The issue is not to reproduce the same symptomatology of depressed subjects in animals, but to interpret the animal behavior. For example, in the learned helplessness procedure, there is discussion whether it is better to consider as read-out the so-called “fixed ratio 1” or FR1, the escape from the compartment where there is the electrical shock to another one devoid of danger[80-83], or the so-called “fixed ratio 2” or FR2, which requires passing through the doorway twice in order to turn off the shock[84-86]. FR2 should better reproduce the wish to avoid a frustrating situation, whereas FR1 seems more difficult to interpret[87,88], even if it is easier to obtain.
Anhedonia, namely lack of pleasure, is a frequent symptom in depressed patients. Typically, in animals, anhedonia is assessed by measuring intracranial electric self-stimulation or sucrose-intake in chronic stressed animals[18]. Despite the fact that not all the stressed animals reduce their intake of a sweet solution[88], it seems that the reduction in sucrose-intake may not only depend on reduced motivation[77,89]. This point deserves further critical discussion[90].
Interestingly, young animals seem to be resistant to chronic mild stress-induced anhedonia in contrast to adult rats[91], indicating an age-dependant effect of chronic stress.
All read-outs are based on animal movements, such as escaping, swimming, consummatory behavior, aggressiveness and vocalization.
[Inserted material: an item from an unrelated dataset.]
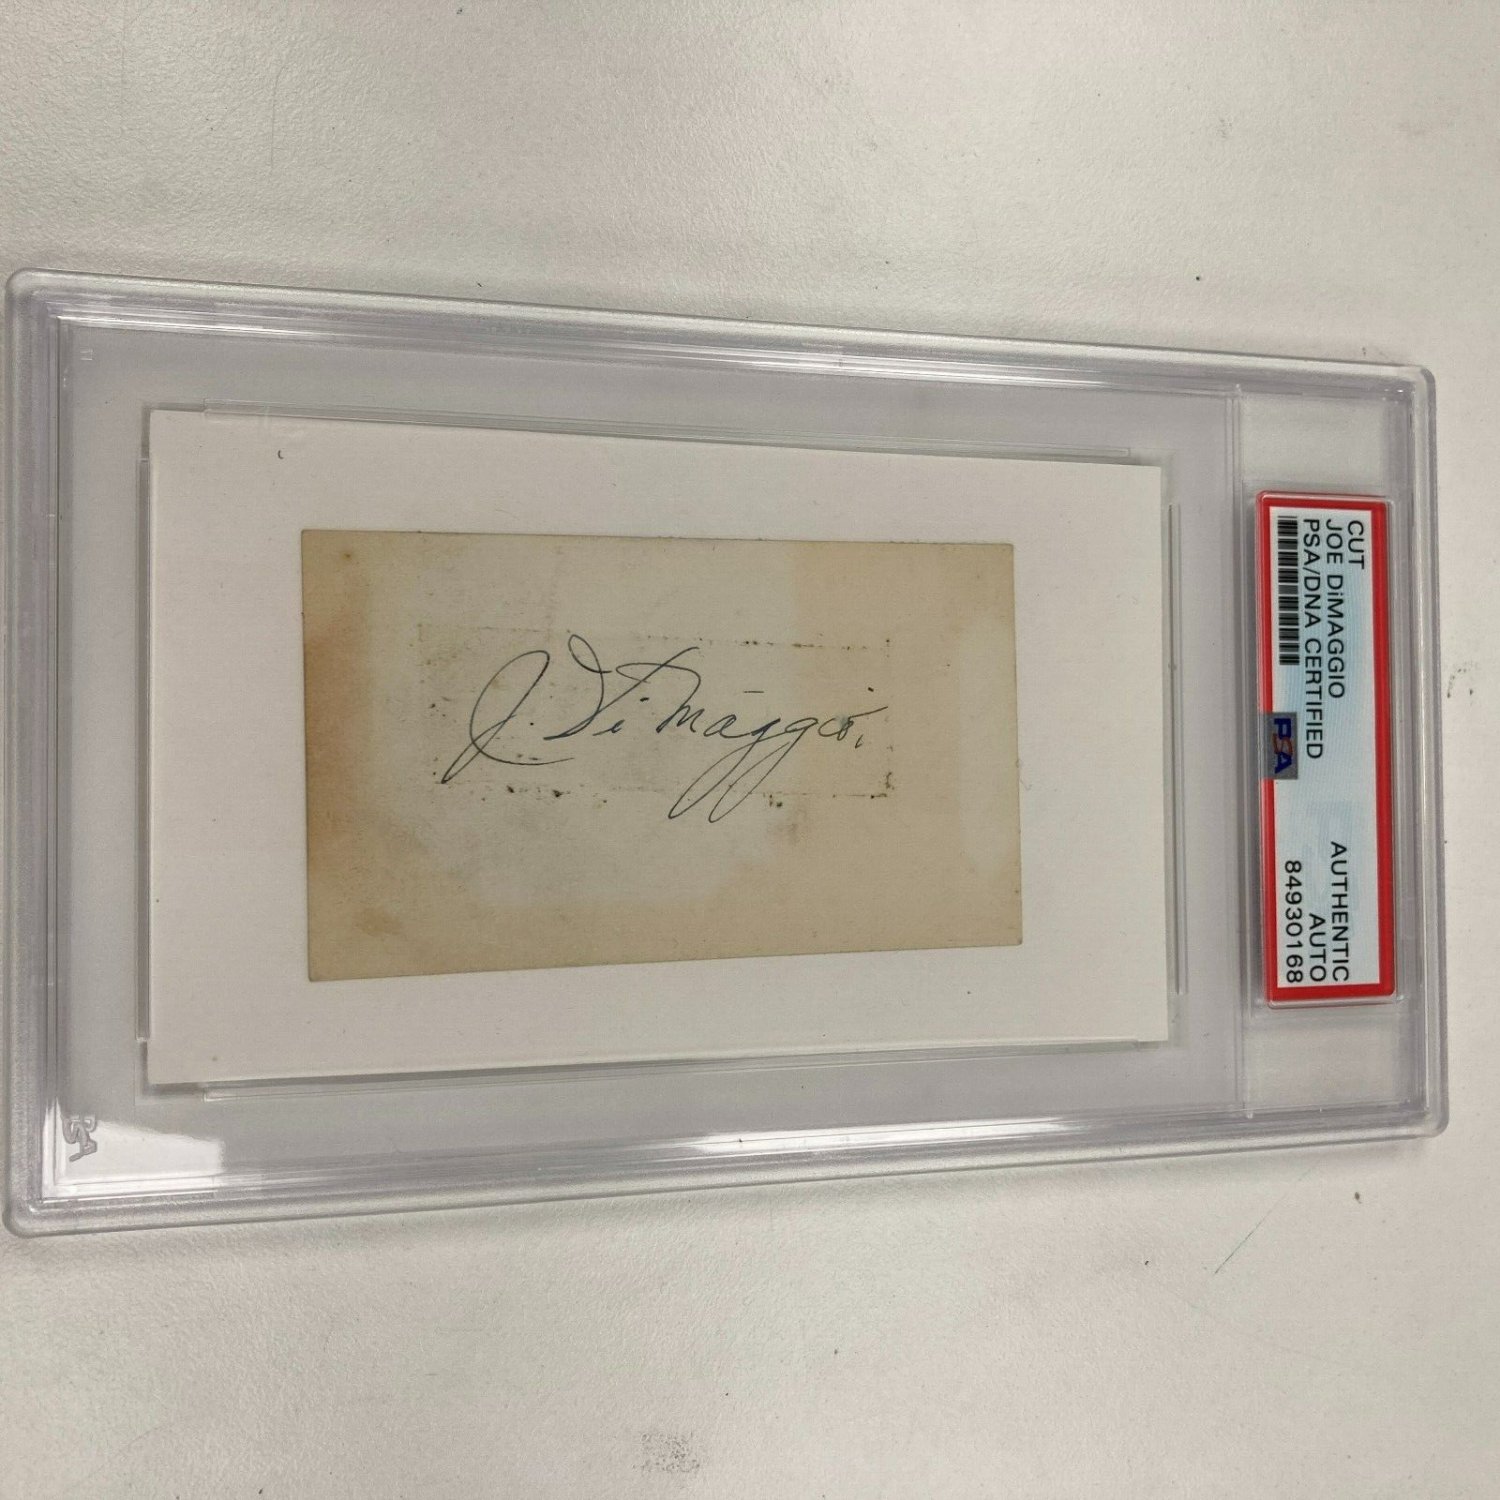 Joe Dimaggio Autographed Signed 1936 Rookie Index Card PSA DNA Certified

Generally, researchers measure “normal” motor activity to support the notion that the observed effects do not depend on changes in capability to move. This experimental procedure may induce misleading interpretation. Animals may have normal motor activity but can change it depending on the test procedure used. For example, flibanserin, a potential antidepressant that did not match the expected outcome in clinical trials[3], reduced spontaneous motor activity in rats[92] but did not change, even at a higher dose, swimming speed in the Morris water maze[92] or inter trial crossings in the learned helplessness test[93]. Flibanserin reduced motor activity in the light-dark test in mice[92] but did not change it in an open-field, even at a higher dose[94]. However, how changes in motor activity may affect the behavior in so-called animal models for depression is difficult to ascertain, as a compound’s effect may be test-dependent[92]. So, the effects on motor activity should be interpreted with caution in the therapeutical sense.
As aforementioned, when the results of a new compound are presented, information on its pharmacokinetic/metabolic profile should always be provided, together with its effects on gross animal behavior[95,96].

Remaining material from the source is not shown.